So this week I was going through shelves, pulling out books and dividing up keepers from those that aren't keepers and need to find new homes and new readers. And I am discovering books that I have always meant to read but never have.
Not exactly the Artic - A prairie winter. |
But it gets even more so when I mention to my mother that I'm finally reading the book she passed on to me to read with the assurance I could keep it. She then tells me that the book has an unusual connection. The book arrived in my mother's hands because a friend of my grandmother's was related to the author. Now only an author could be excited by the unique route a book may take to get into the hands of a reader. Even years after publication - it's still fascinating stuff, really.
But back to the path of how this particular book made it's journey through the hands of one of the most unique individuals I have ever met to finally find its way to my bookshelf. It originally belonged to a market gardener in the Qu'Appelle Valley. He was a Scottish immigrant, a widower who had befriended my grandmother and visited her often. I remembered that I loved his laid back easy style but I also remember my grandmother bemoaning the fact that he was really not the man of her dreams. In fact sometimes I think she preferred not to have him sitting on her couch for fear he might get it dirty.
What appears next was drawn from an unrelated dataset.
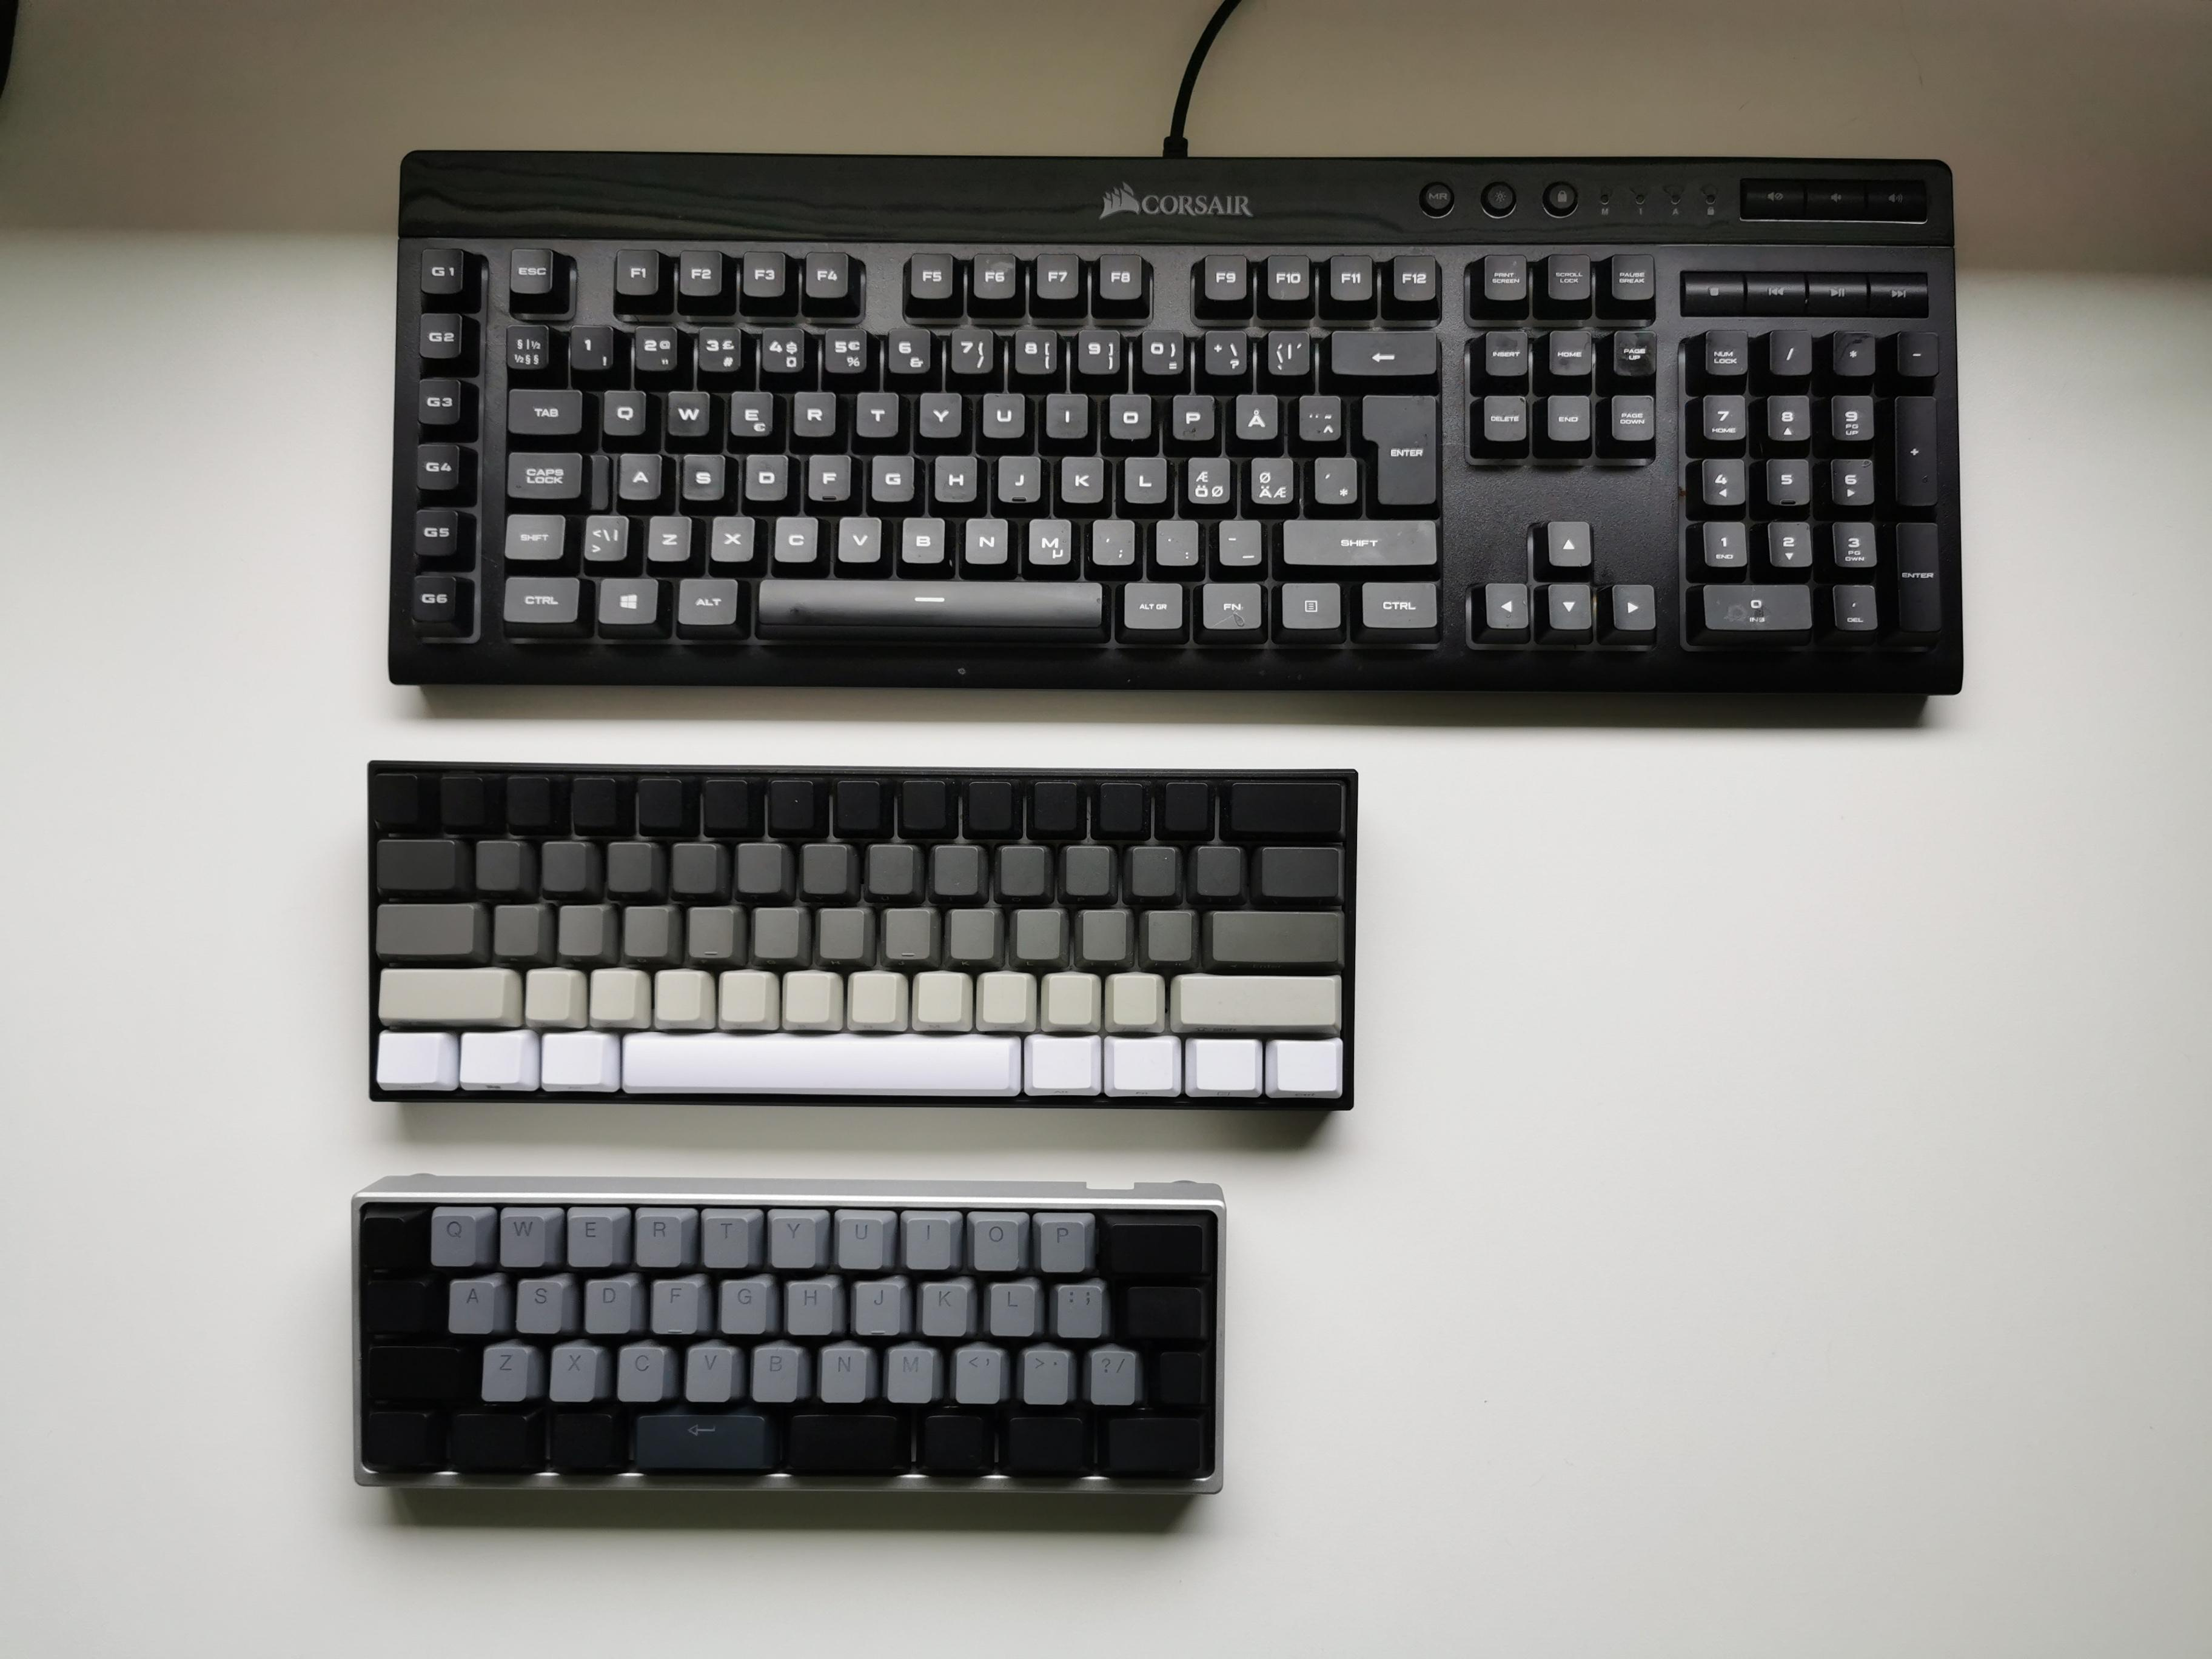 3 claviers en différentes tailles 100, 60 et 40 pourcents

But what can you expect from a literally "down to earth" long-ago widowed market gardener who has been living alone on a prime piece of land in cottage country without a single modern amenity including water. Water - well, he pumped the water from the lake. What he used for washing, you know as a child I never thought about it and I never asked. I know he had electricity but no television. And I remember his furniture was that old-fashioned, over-stuffed, stiff cushioned variety with intricately carved but well worn wooden arms - from generations ago. But all that is a sidebar to the stories he would tell. And he topped it all off with his stories of "coming over" as he called immigration. I remember he ran that market garden until well into his nineties.
With that one book, I expected a journey into the past, and another culture - never did I expect to touch the edges of my childhood. Any unexpected moments in your day?